Sunday, March 24, 2013

9. Bisexual history.


All people, male and female, are born bisexual and like a light switch held between on and off, will usually fall into one of two extremes. On the whole, did not consider homosexuality to be an aberration or sickness in and of itself, but those societal pressures would undoubtedly contribute to unhealthy fetishes and sexual behaviors.

I've read an article about “Lesbian history” by Gregory S. Storms. Bisexual women activists realized this point early on, especially because it impacted their lives with greater force than perhaps it would have lesbian separatists.  Bisexuals could not create communities of isolation for the simple fact that many aligned with a definition of bisexuality that reflects Holly’s above, that of a merging of two sexual communities, not a rejection of one for the other.  If bisexual women were to create a separatist bisexual nation, there would be essentially no community to form.  By rejecting straight communities many bisexual women felt that they would be rejecting a part of themselves.  Instead, they sought out ways to integrate the two communities, gay and straight, by a concerted effort of undermining multiple systems of oppression simultaneously.
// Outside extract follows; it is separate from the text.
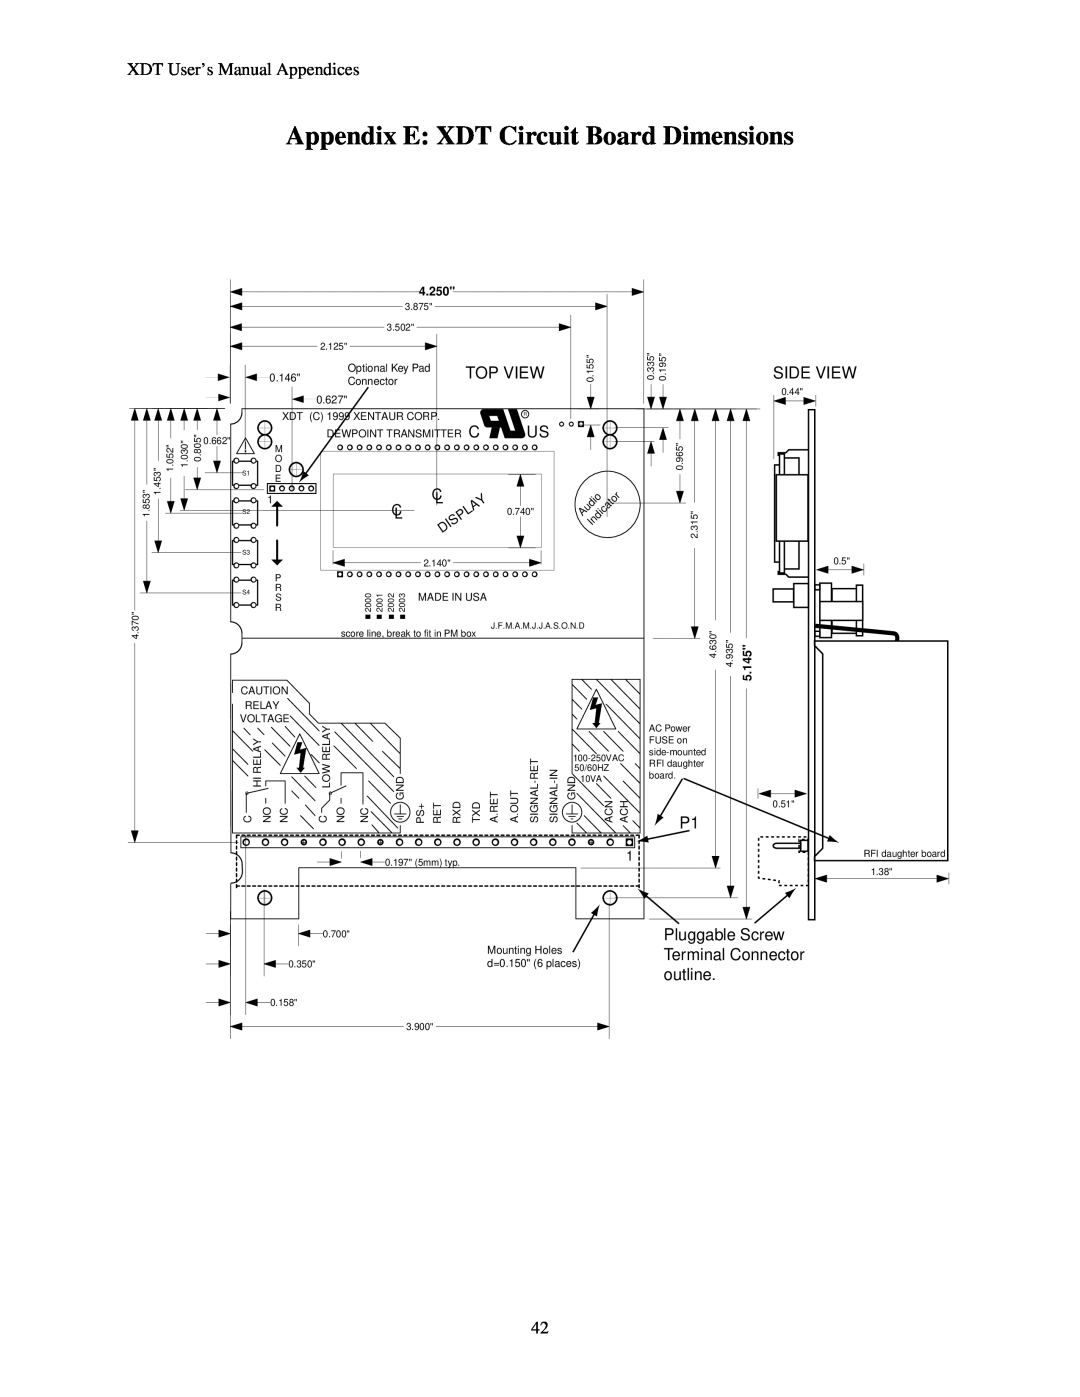 Epson manual Appendix E XDT Circuit Board Dimensions, Top View, Side View, Pluggable Screw, Terminal Connector, outline

Within this mindset, many bisexual women not only reacted against lesbian feminists by establishing a separate movement focused on bi women’s concerns, but also attempted to show the commonalities between lesbians and bi women.

"I believe that gender is something between your ears, not between your legs." - Chaz Bono. I believe with this quote. This quote means, your gender is in your eyes to what you attracted to romantically or sexually. And to your heart to what you feel with someone whether it is a female or male.

Doubts about the veracity of bisexuality as an identity are not new. Variously characterized within dominant discourses of sexuality as, among other things, a form of infantilism or immaturity, a transitional phase, state of conclusion, even a lie, the category of bisexuality for over a century has been persistently refused the title of legitimate sexual identity.